Один Чикин по-прежнему с наслаждением занимался едой. Его рыжеватый чуб намок от пота и подрагивал почти у самой тарелки.
Иногда он прислушивался к разговору и чуть заметно качал головой, будто недоумевал, зачем это взрослым людям заниматься порожней беседой, – да еще такой, которая не доставляет радости.
Татьяна Петровна подождала, пока Федя доест второе, и стала убирать тарелки.
На стол поставили пузатый электрический самовар. Это противоестественное детище древности и современной техники вызвало веселые шутки. Даже Павел, поддавшись общему настроению, сказал, что электрический самовар напоминает телегу, к которой приделали мотор.
Мирцхулава, испепелив две папиросы подряд, вдруг вскочил на ноги:
– Долой слова!
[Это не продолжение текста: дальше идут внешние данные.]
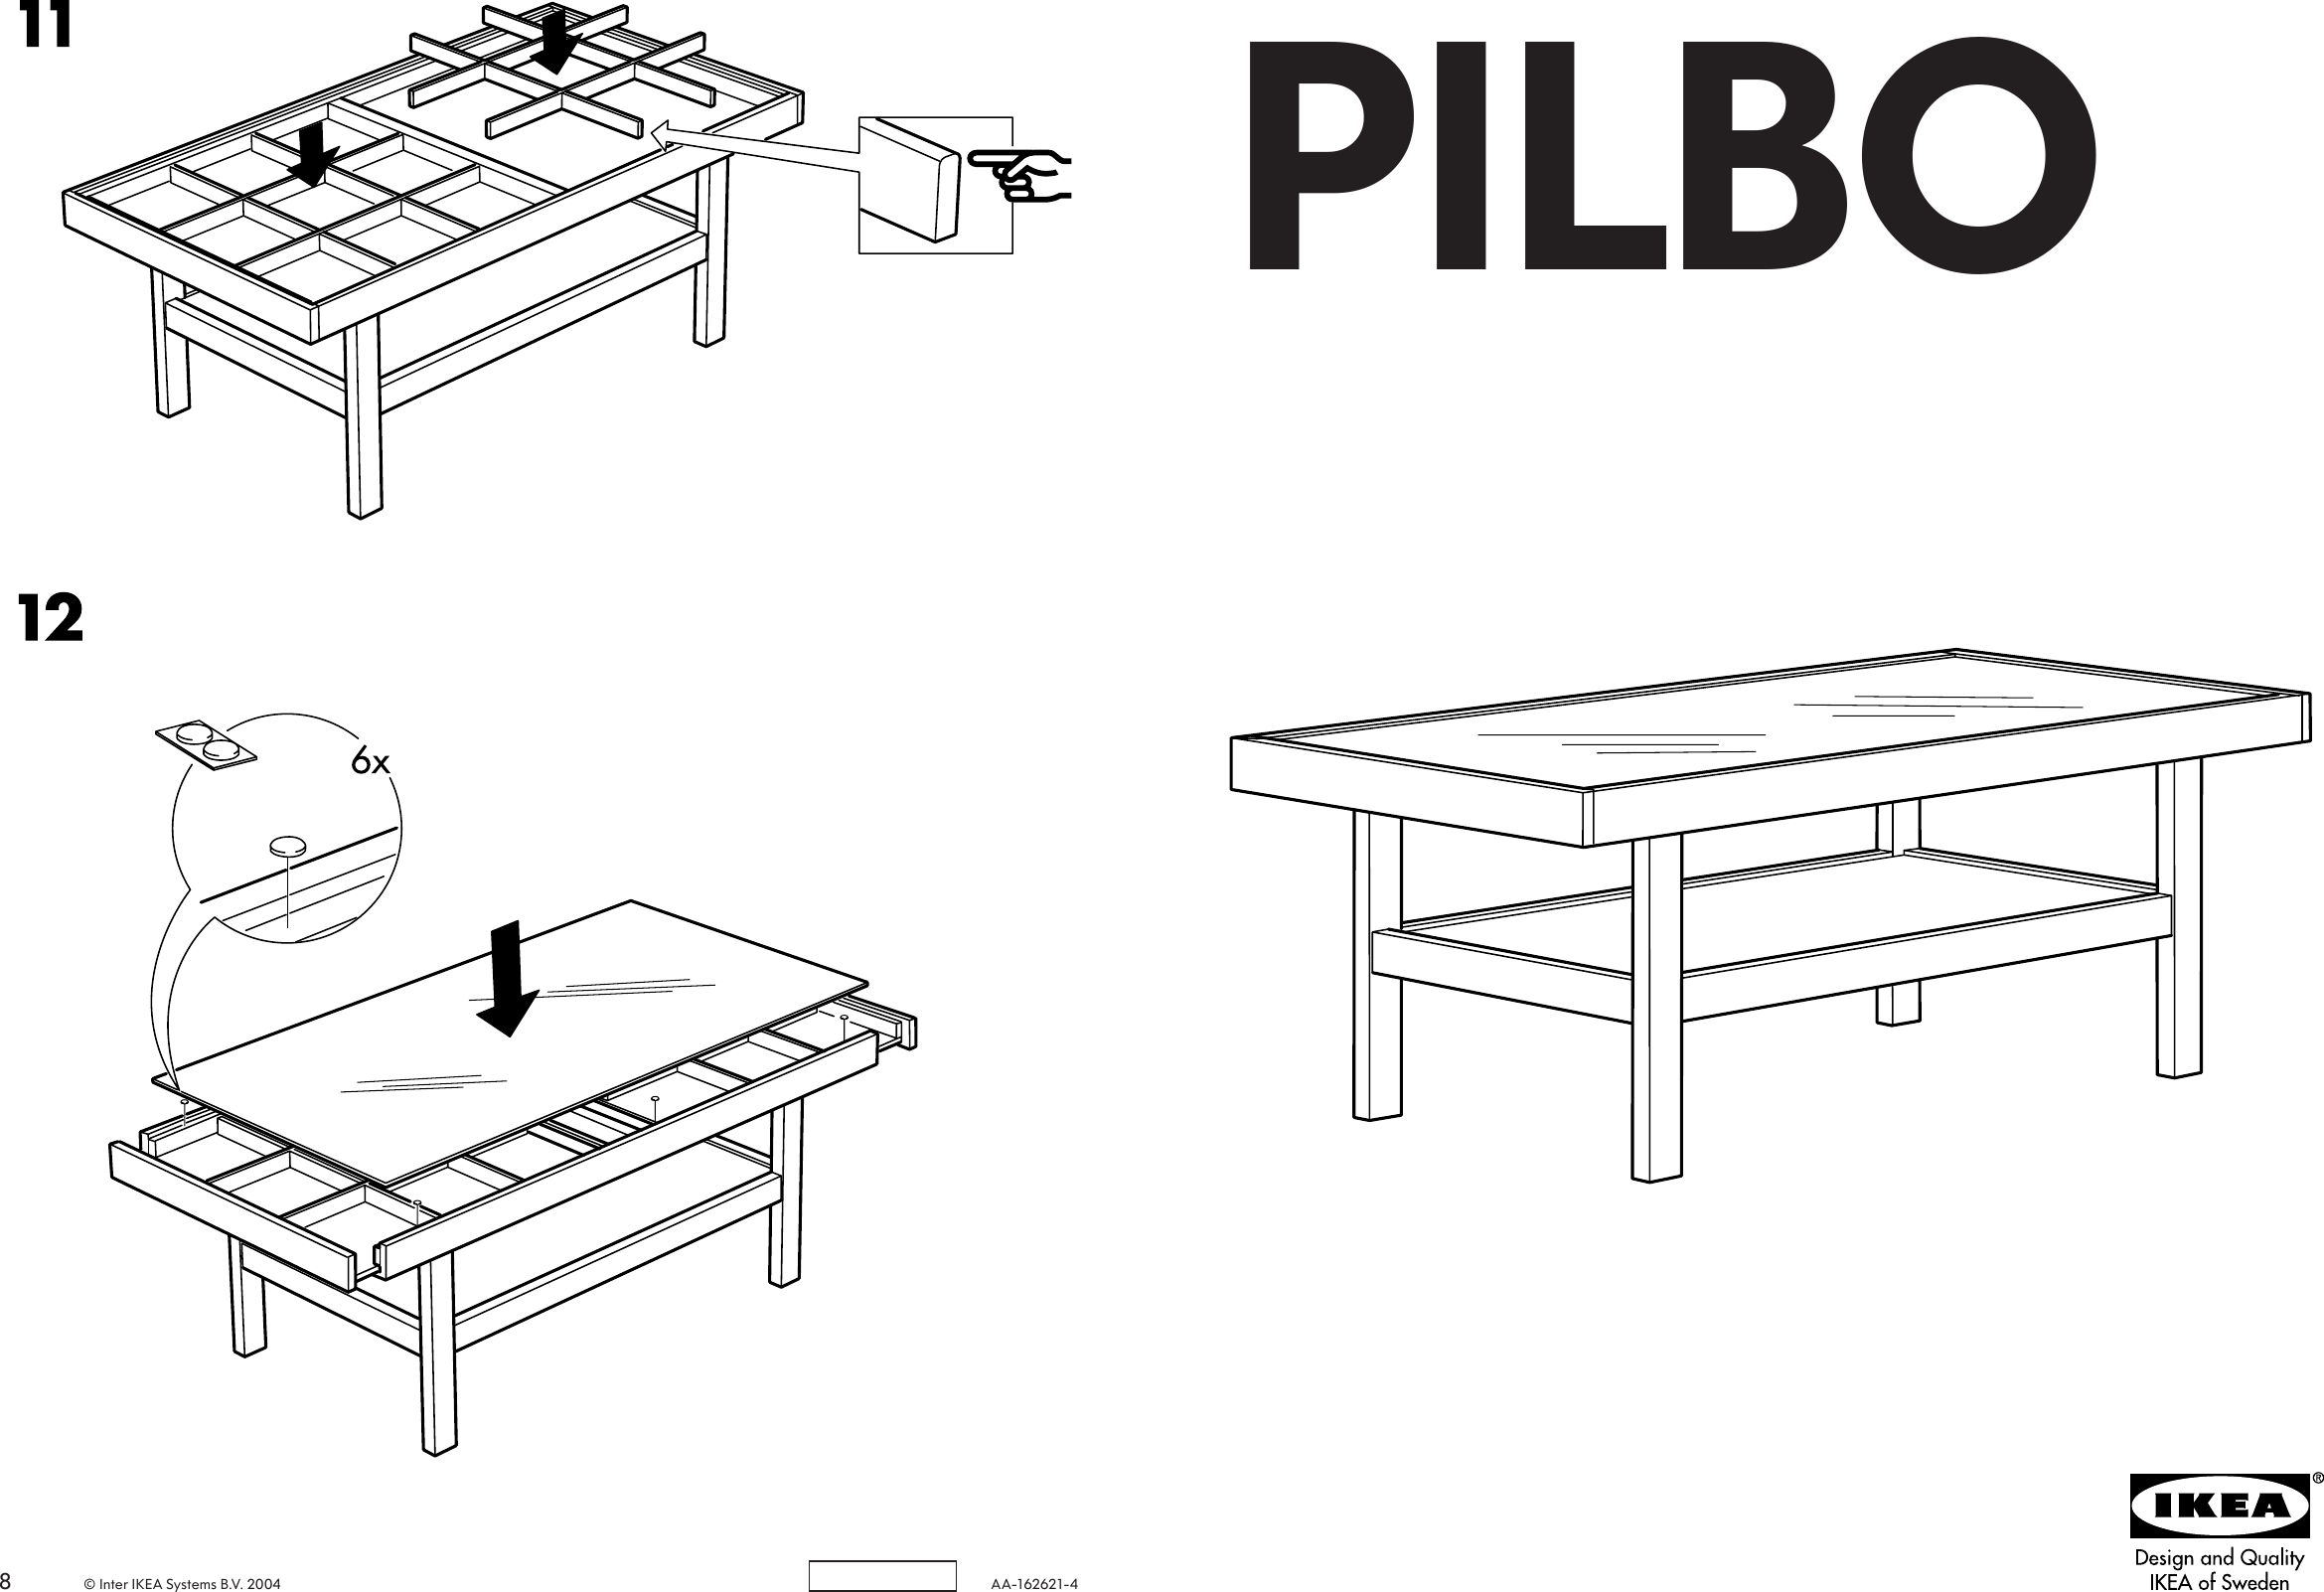 Ikea Pilbo Coffee Table 46 1 2x24 Assembly Instruction

Я хочу танцевать. Люся – музыку!
Девушка обрадованно взглянула на мать, на Абатурина – и зачастила, похлопывая в ладоши:
– Асса! Асса!
Грузный Мирцхулава схватил столовый нож, привстал на носки и, точно в атаку, кинулся в танец. Он плясал лезгинку с таким неподдельным чувством, что Татьяна Петровна забеспокоилась, как бы он не надорвал себе сердце.
– Хватит! Хватит! – закричала она, хватая начальника флота за руку. – Вы настоящий мужчина и кавалер, Ираклий Григорьич.
– В чужого мужа всегда черт ложку меда кладет, – засмеялся Иванов.
– По пословице – не в мужа, – в жену, – щуря ресницы, заметила Анфиса Ивановна. – Впрочем, пол не играет роли. Играет роль «чужой» или «чужая».
Мирцхулава недовольно посмотрел на жену, спросил:
– Может, пойдем домой, Фиса? Ты, кажется, устала.
– Глупости! Ничего не устала. Я хочу петь.
– Погоди, – сказала Татьяна Петровна. – Попьем чай и тогда споем. Мне тоже хочется.
– Что будем петь? – спросил Прокофий Ильич у Павла, когда с чаем было покончено. – Ты – гость, тебе и командовать.
– Я не знаю, Прокофий Ильич. Вы любите народные песни?
– Решено, давайте «Дубинушку».
Абатурин сильно повел песню. Ему подтягивала Анфиса Ивановна. У нее тоже оказался приятный голос, только слабенький, комнатный. Остальные пели вполголоса, но в общем-то песня сливалась в один ручеек и звучала хорошо. Все сдвинули стулья теснее, а Прокофий Ильич положил руку на плечо жены.
Потом исполняли «Сулико», «Вот мчится тройка удалая», романсы Баратынского.
Песни были немного грустные, но все почему-то повеселели и дружелюбно взглядывали друг на друга.
– Ладно, – сказал Мирцхулава, когда наконец стало тихо. – Мне пора.
– А меня ты оставляешь здесь? – спросила Анфиса Ивановна.
– Как хочешь, можешь еще немного задержаться.
Молодая женщина театрально вздохнула:
– Боже мой, все мужчины одинаковы.
– Раз одинаковы, значит, норма. А раз норма, не придирайся.
– И я устала, – поднялась Анфиса Ивановна. – Едем.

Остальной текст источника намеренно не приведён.